Legal News

LSB reaches for its crystal ball

A ‘state of the industry’ research project unveiled this week should kick off an era of “frank and open” debate, according to the profession’s new watchdog.

In a bundle of essays produced on behalf of the Legal Services Board (LSB), leading commentators put forward the arguments on how the future of the sector should be shaped.

 

Launching the compendium at a conference on Monday, Chris Kenny, chief executive of the LSB, said: “The LSB has made a commitment to evidence-based policy, and this applies not only to our regulatory decisions but also to the role we play in identifying long-term, strategic challenges facing the sector – as well as their solutions.

“This new publication will play a major role in forming a clearer view of what the future holds for legal services providers. I am delighted we have created a platform for these distinguished commentators to contribute to our understanding of that future.”

The research, entitled ‘The future of the legal services – emerging thinking’, features ten essays by academics, commentators and practitioners, assessing areas of the industry that are poised for revolution.

Focusing on the LSB’s pet projects, alternative business structures (ASBs) and risk-based regulation, the study sets out how law firms should modernise to keep up with what is described as the increasingly ‘commoditised’ profession.

 

In ‘Training the lawyer of the future’, Professor Stephen Mayson from the Legal Services Institute writes: “At the heart of the qualification process should be the needs of clients.
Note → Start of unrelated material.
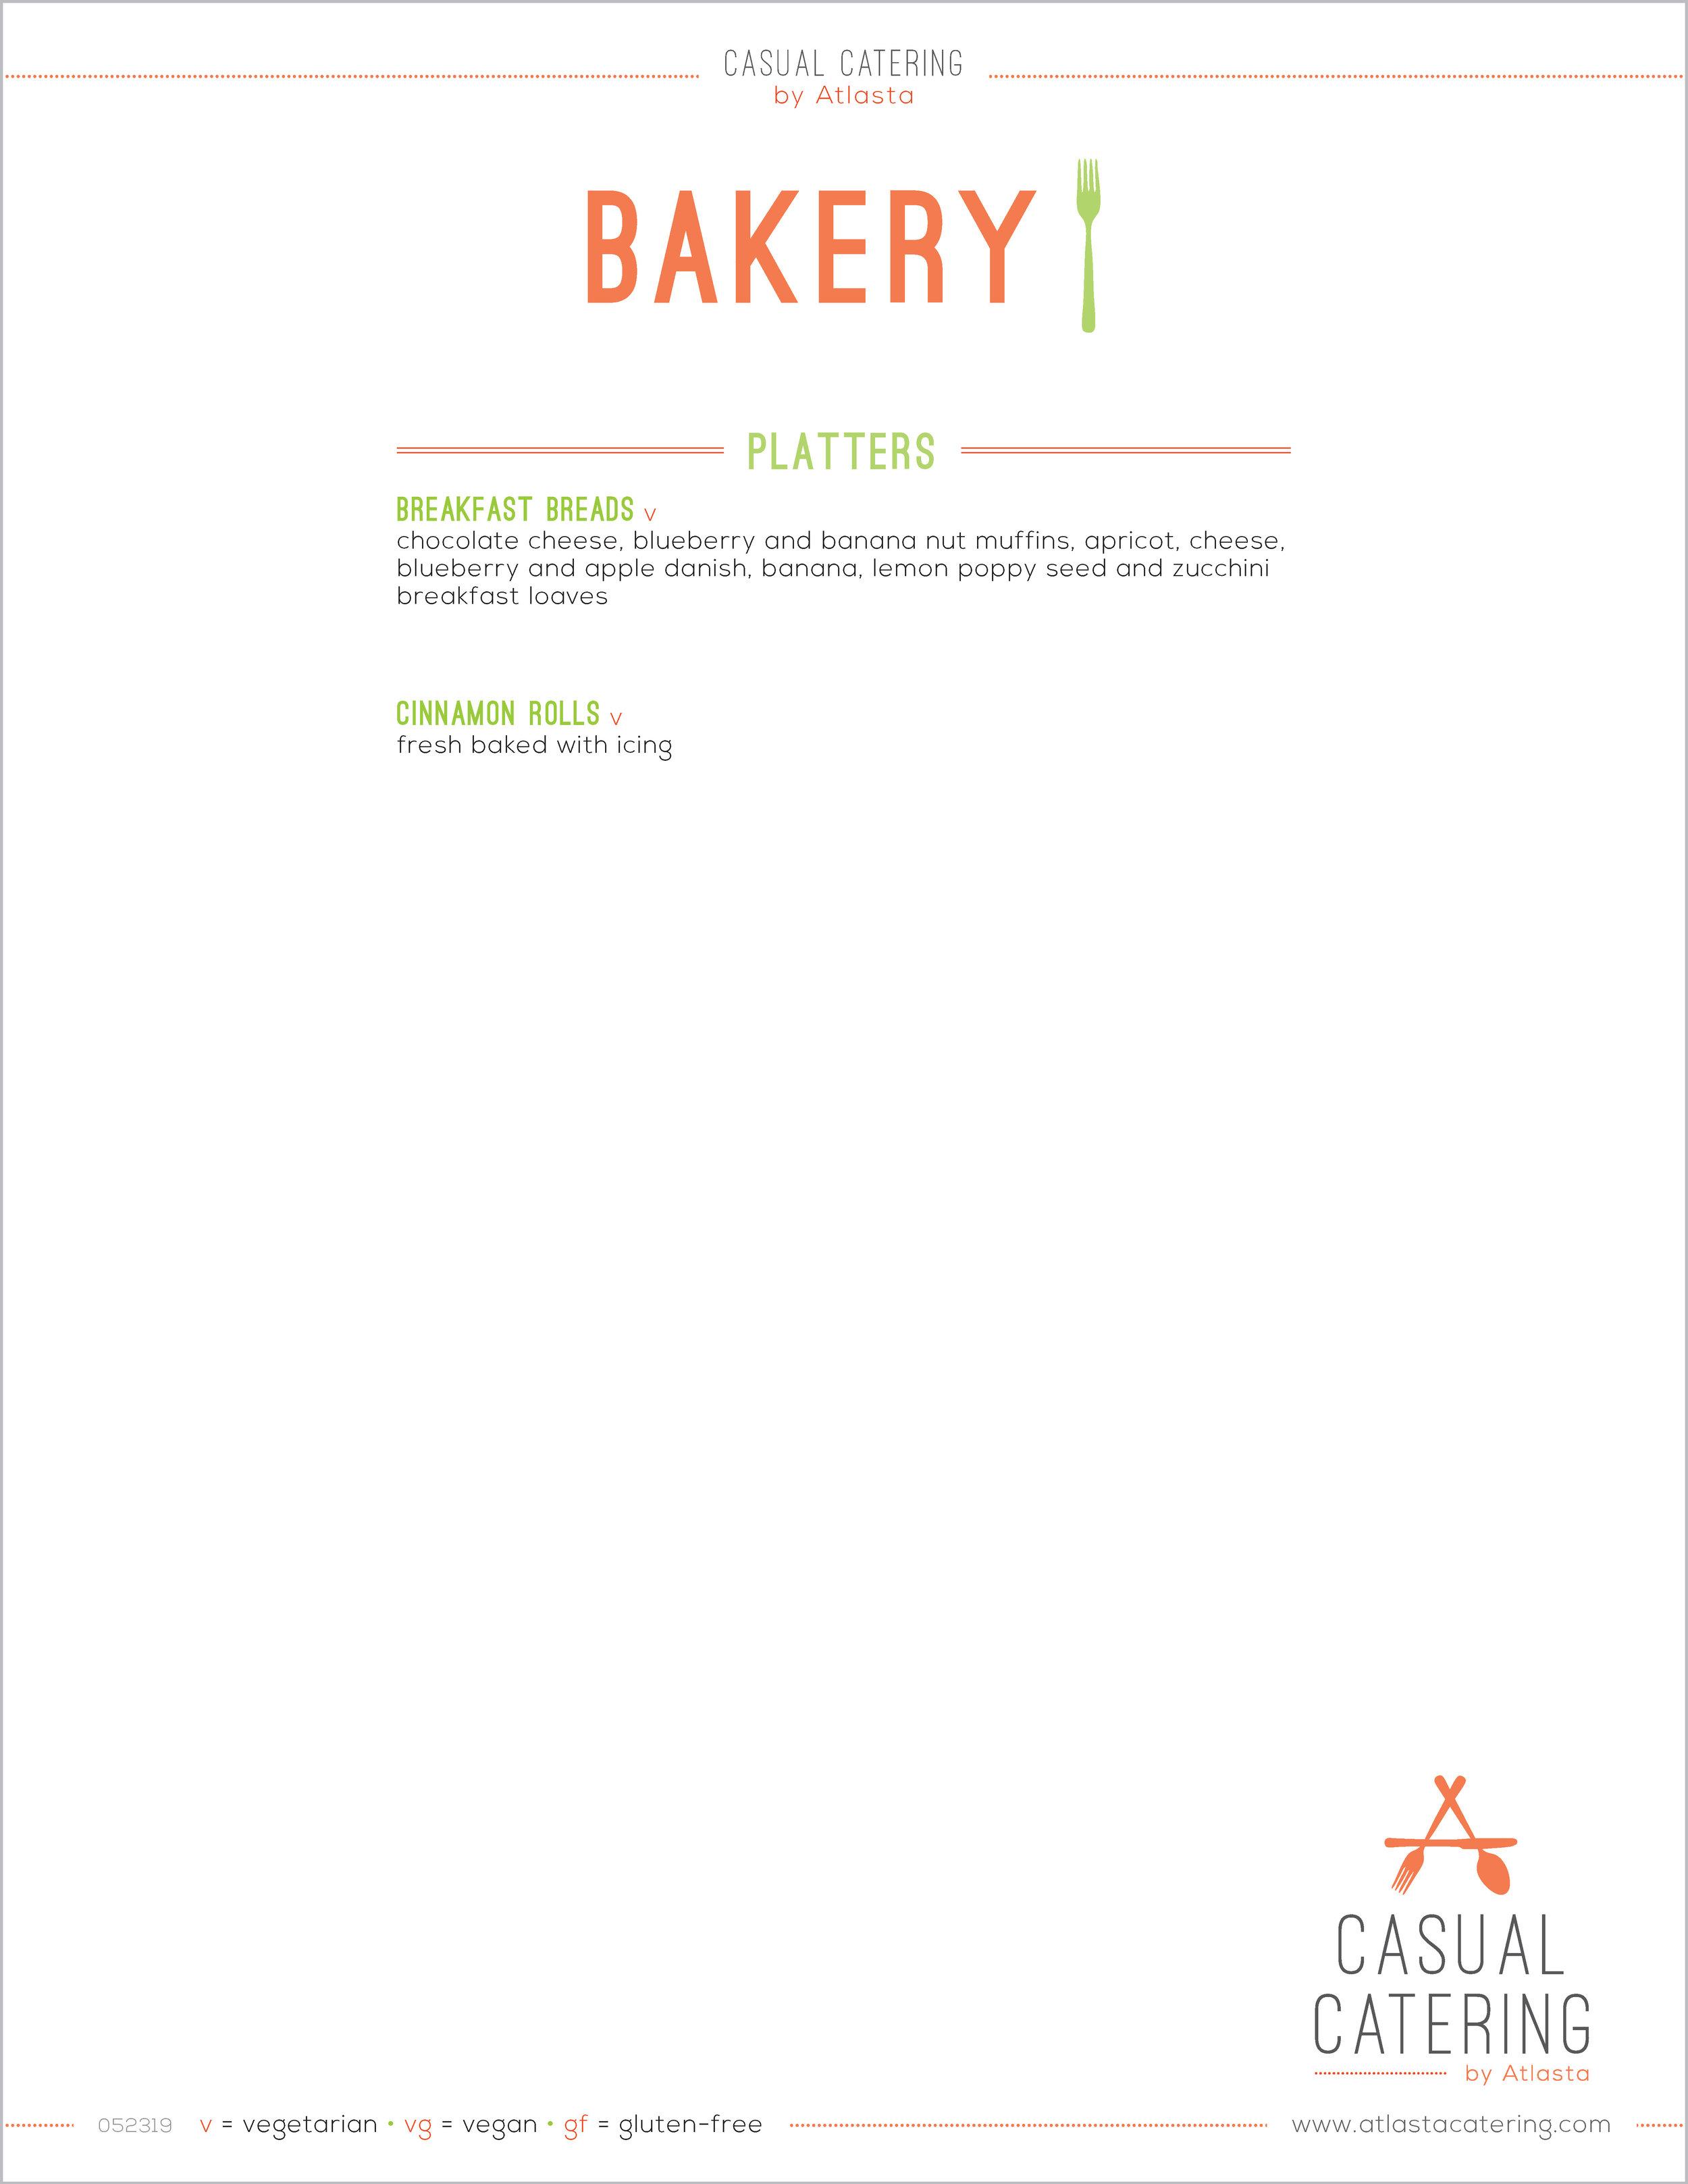 04 Casual Catering - Bakery V4.jpg
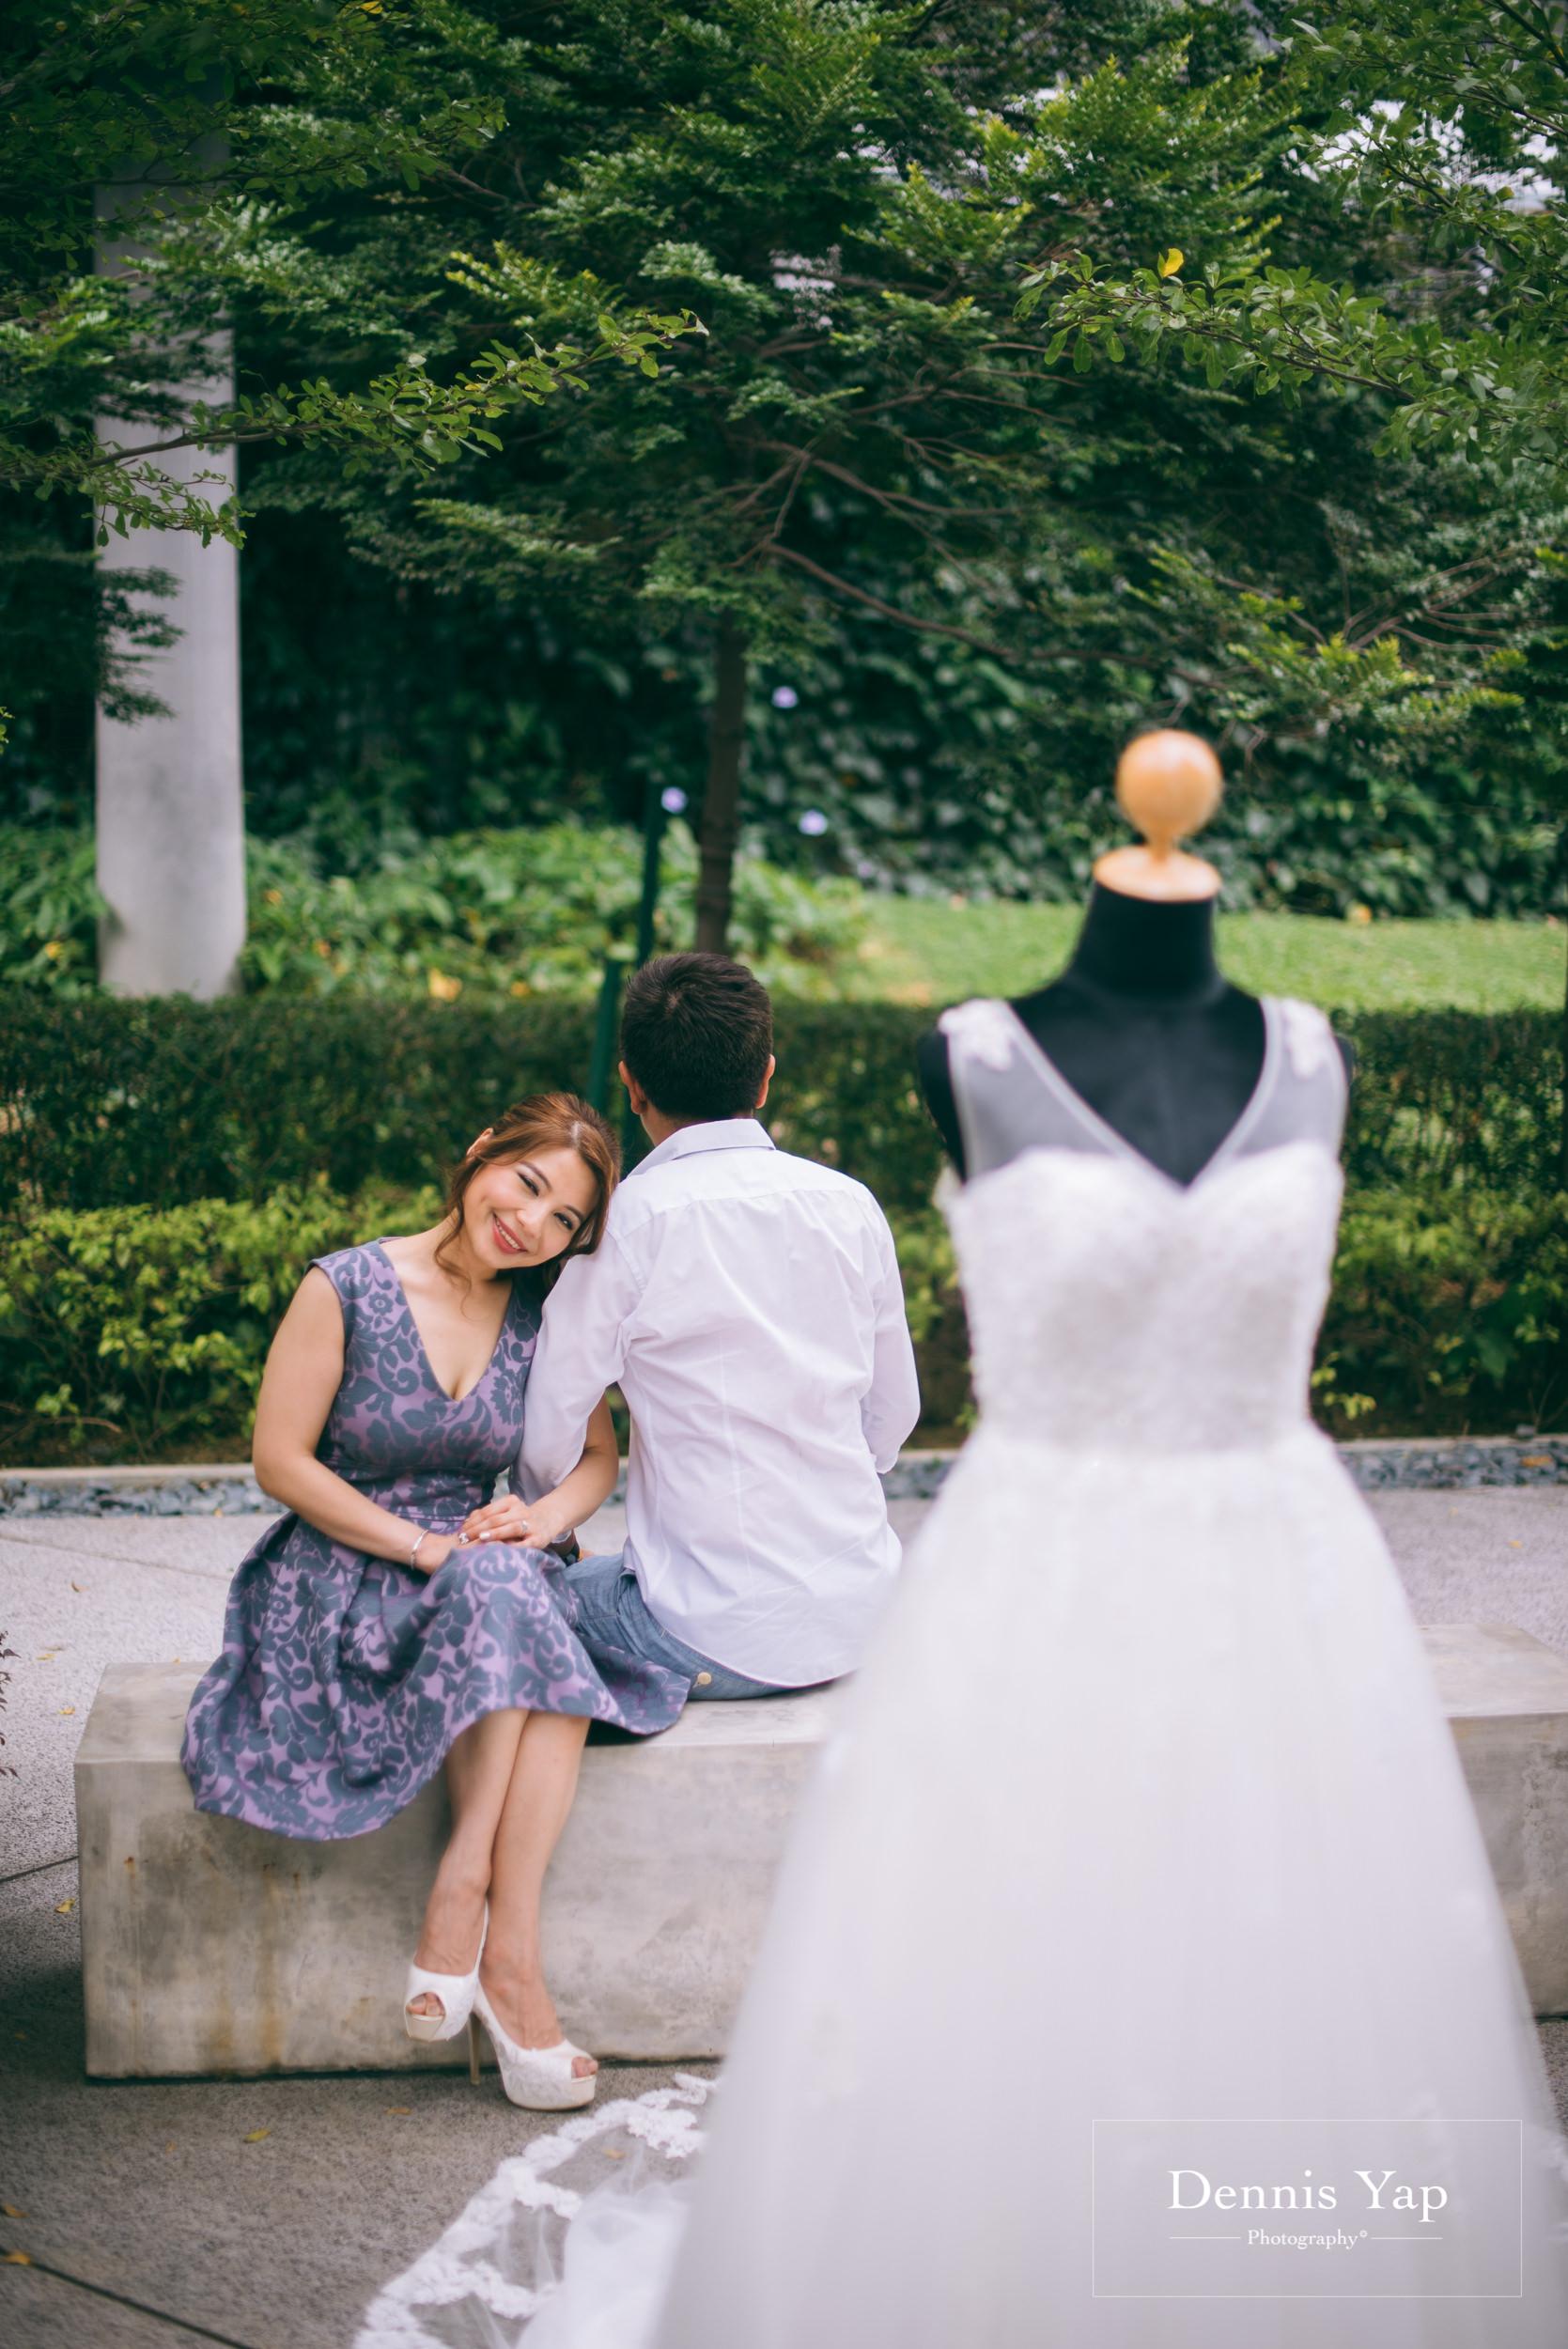 pung doris pre wedding desa park dennis yap photography-29.jpg

“Their decisions to buy legal services are the demand that drives the nature and volume of those services.”

But the LSB insists the research is intended as a starting block from which the debate should take off.

In another contribution, Professor Mari Sako, from the University of Oxford’s Said Business School, stresses what the future holds is still in the hands of the practitioners.

Professor Sako writes: “Several futures are possible and the eventual outcome depends largely on the decisions taken by the legal profession. But remember the old adage ‘run with the gazelles but eat with the lions’. That combination of the abilities to move fast and at the same time to identify where the value chain will be protein-richest will be key. Law firms, take note.”

The Future of Legal Services conference took place on Monday 14 June at the Clore Management Centre, Birbeck College, London.